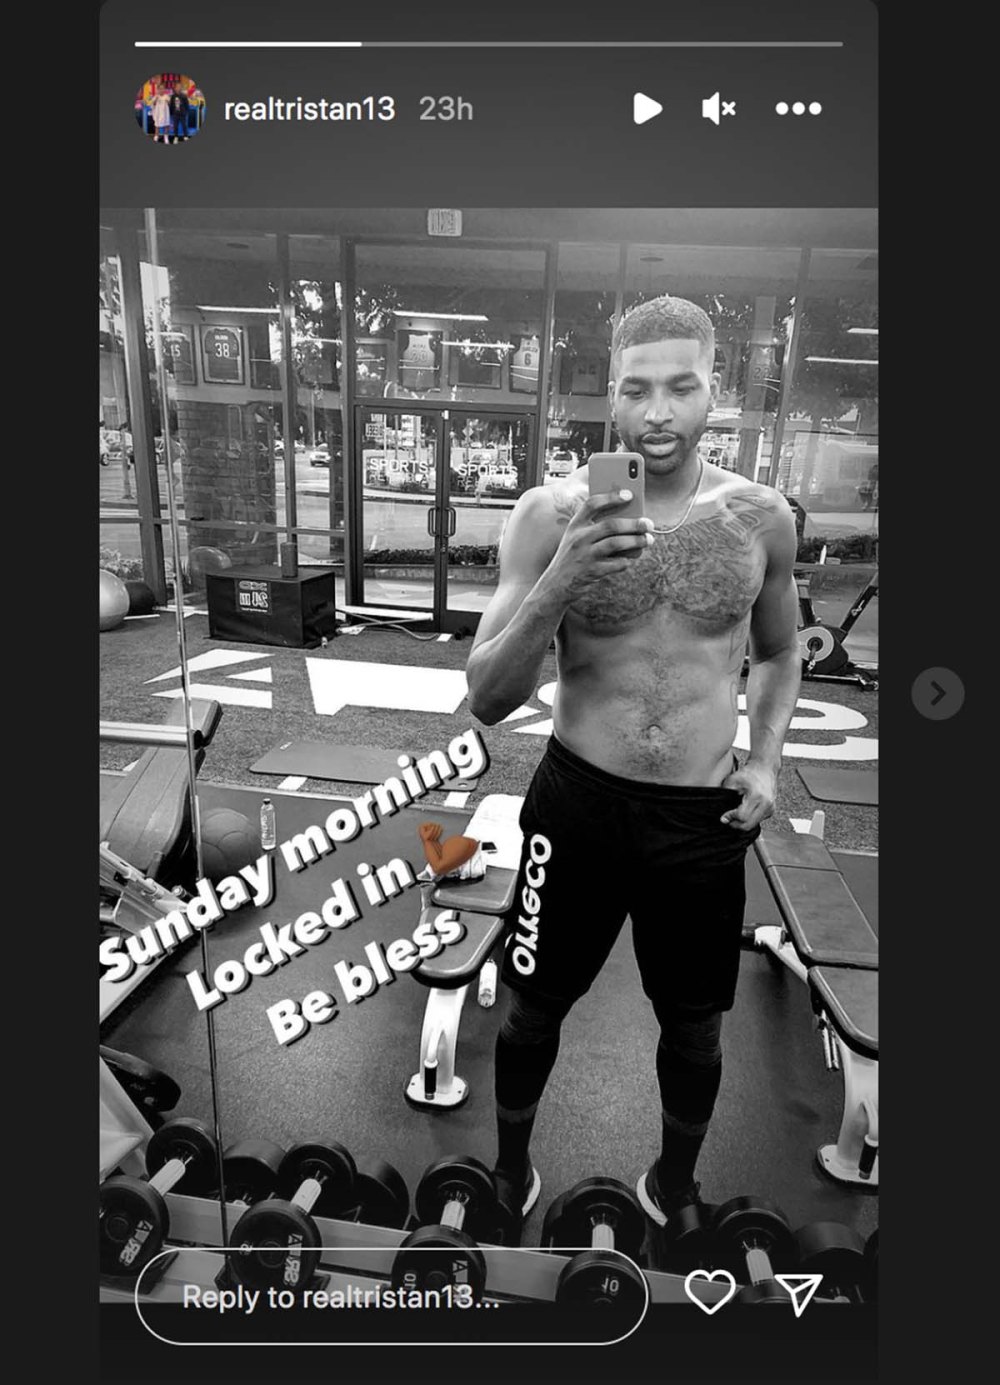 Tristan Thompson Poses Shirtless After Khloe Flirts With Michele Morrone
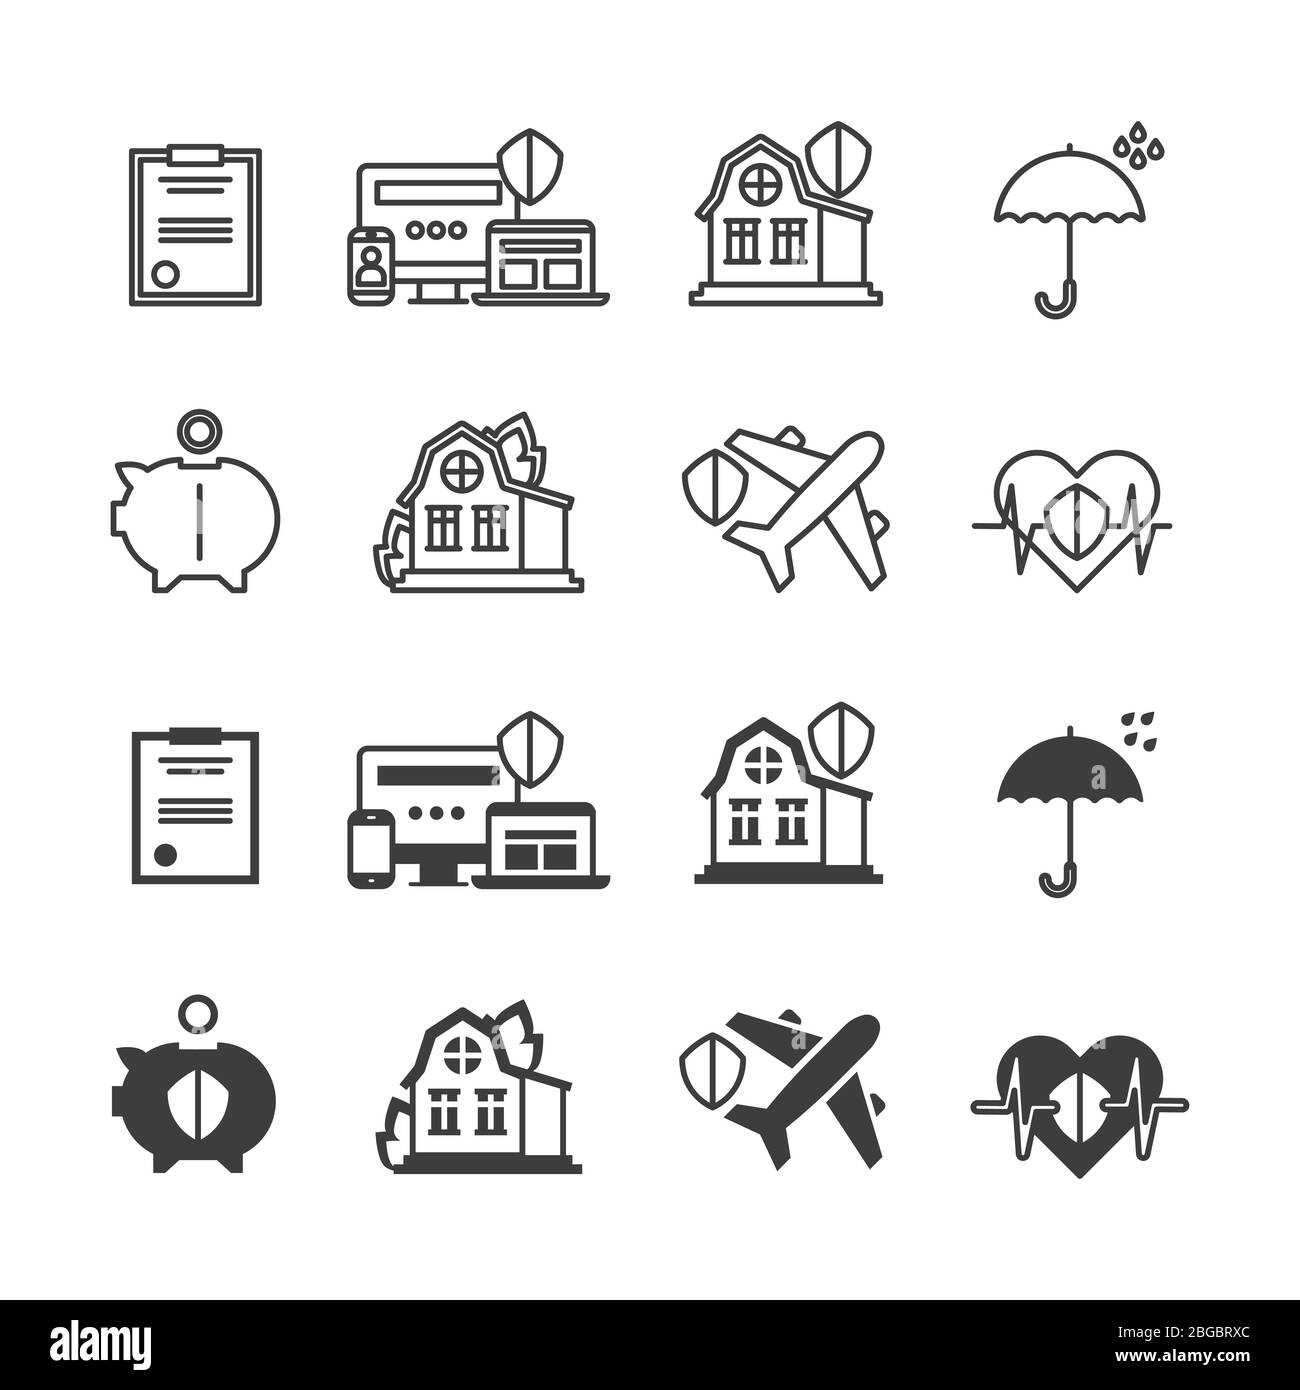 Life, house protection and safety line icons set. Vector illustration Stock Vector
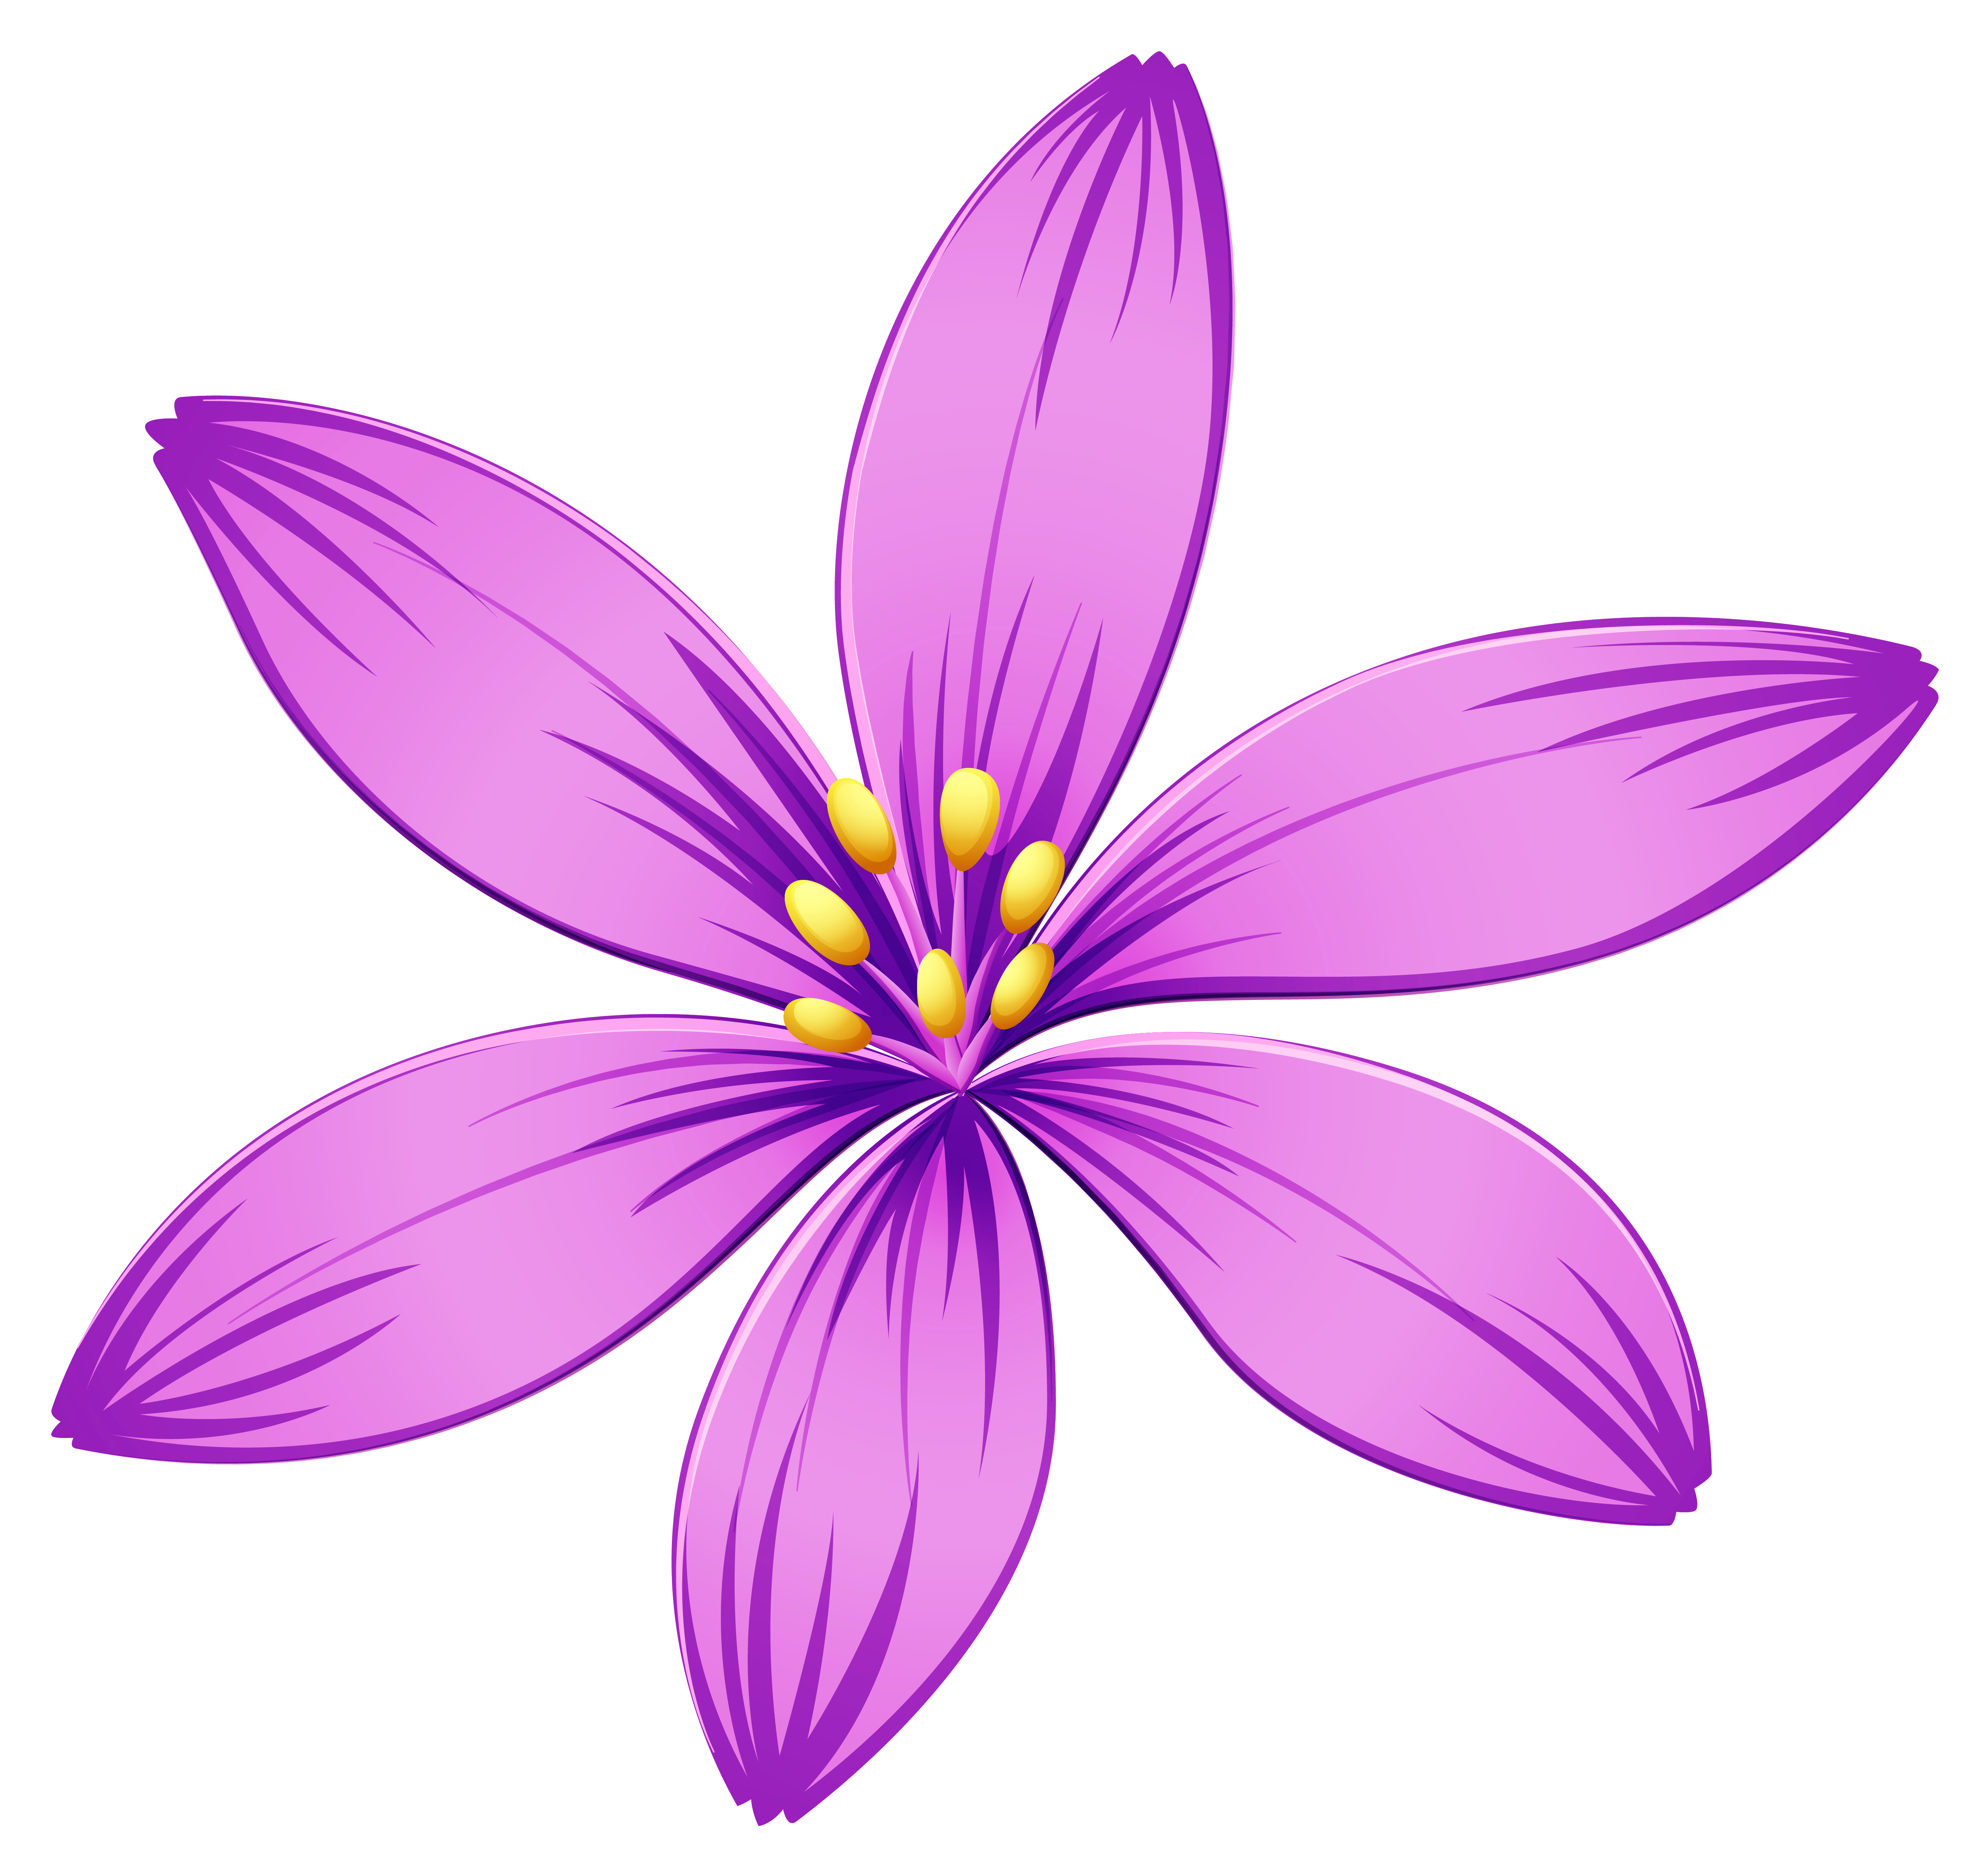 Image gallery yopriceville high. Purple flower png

• _What to produce_
Retype the listing above exactly. Pictures are not part of the copy.

• _Response_
 Tristan Thompson Poses Shirtless After Khloe Flirts With Michele Morrone
 Life, house protection and safety line icons set. Vector illustration Stock Vector
 Image gallery yopriceville high. Purple flower png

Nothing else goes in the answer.